Data segment =>
== Segment start ==

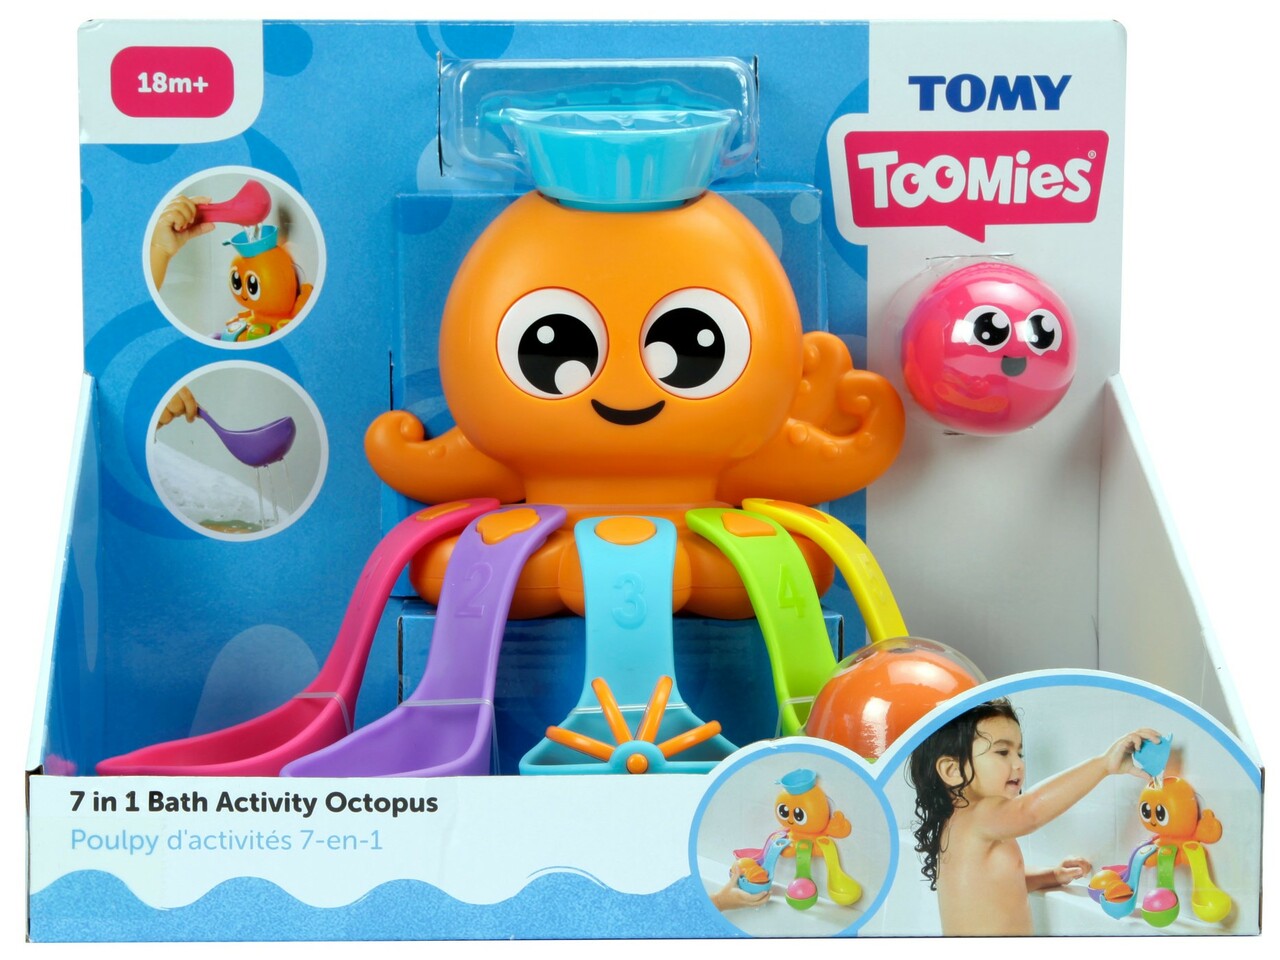 7 in 1 Bath Activity Octopus - Tomy
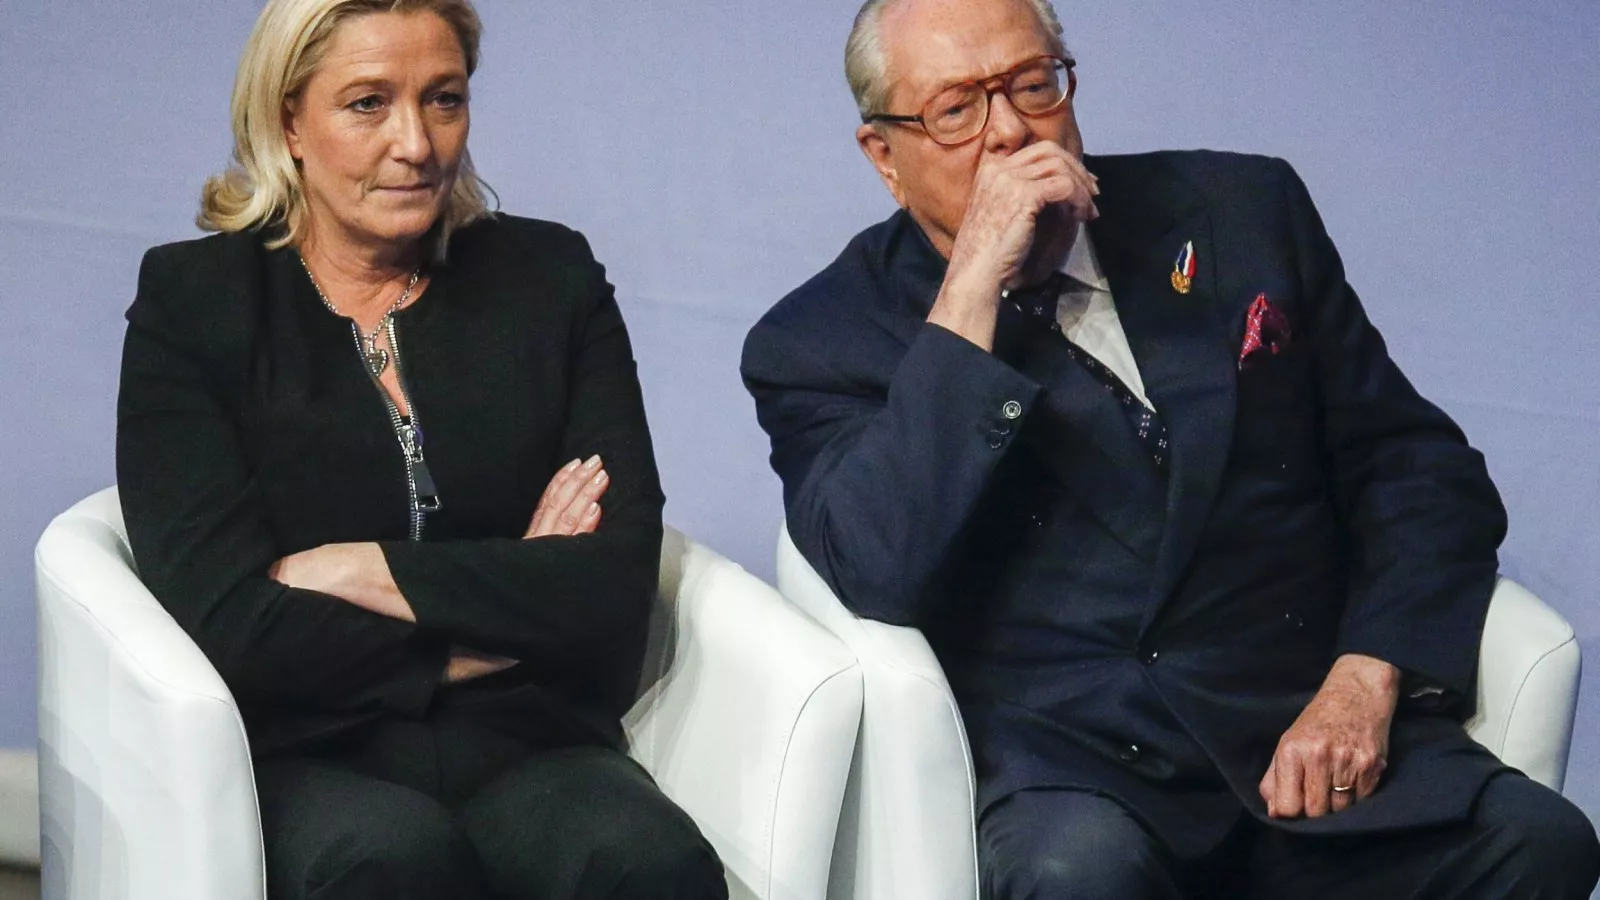 daar ben ik het mee eens sponsor academisch France's Jean-Marie Le Pen Steps Back to Ease Family Feud
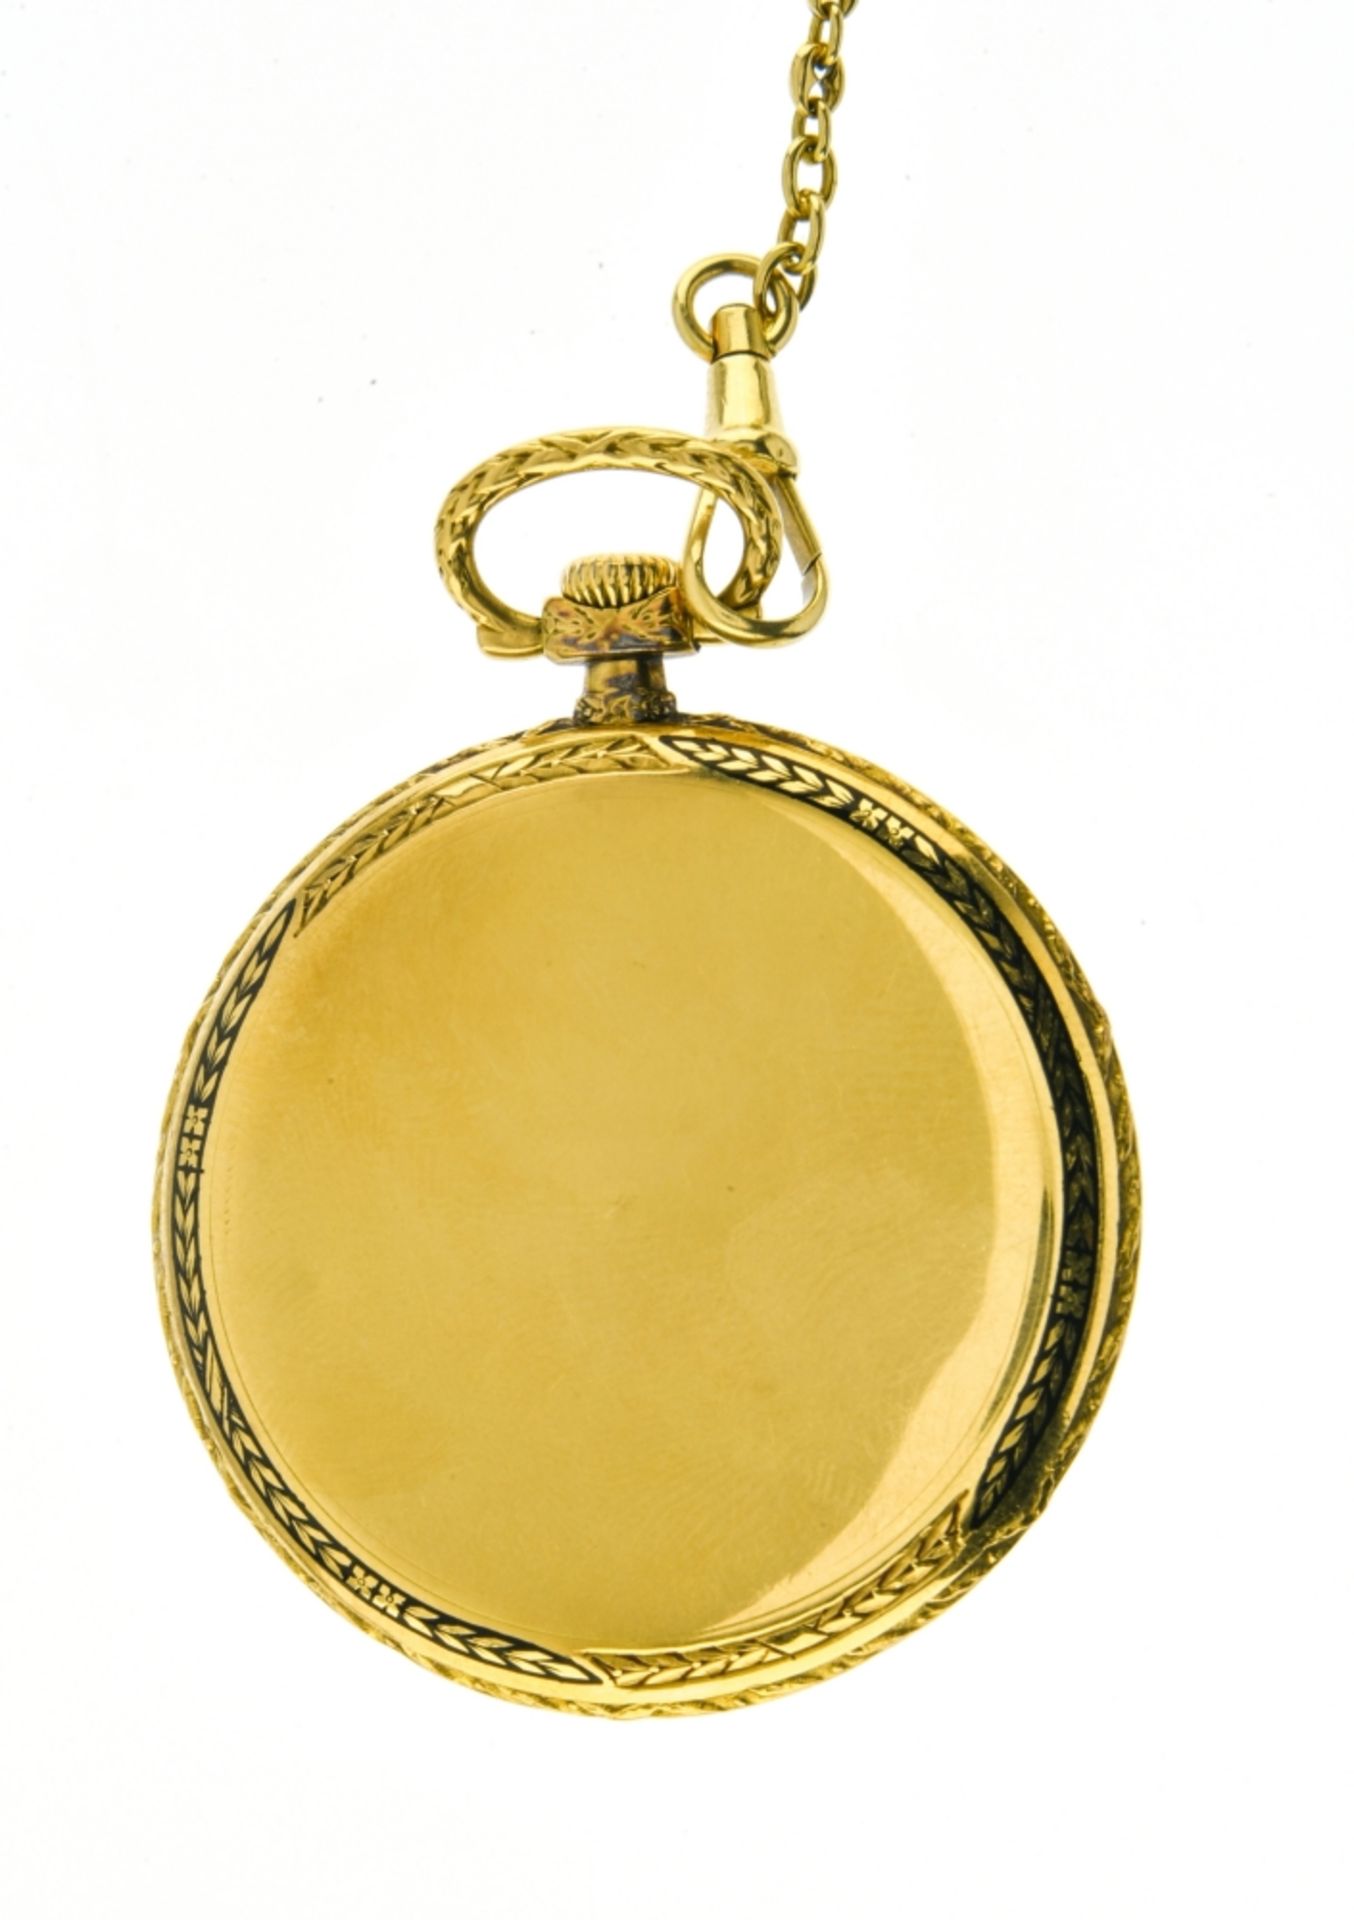 Vacheron Constantin Vacheron Constantin chronometer pocket watch and chain SWITZERLAND 18k gold - Bild 2 aus 3

== Segment end ==

Exercise aim =>
Copy the lines above exactly. Do not include pictures.

Your response =>
 7 in 1 Bath Activity Octopus - Tomy
 daar ben ik het mee eens sponsor academisch France's Jean-Marie Le Pen Steps Back to Ease Family Feud
 Vacheron Constantin Vacheron Constantin chronometer pocket watch and chain SWITZERLAND 18k gold - Bild 2 aus 3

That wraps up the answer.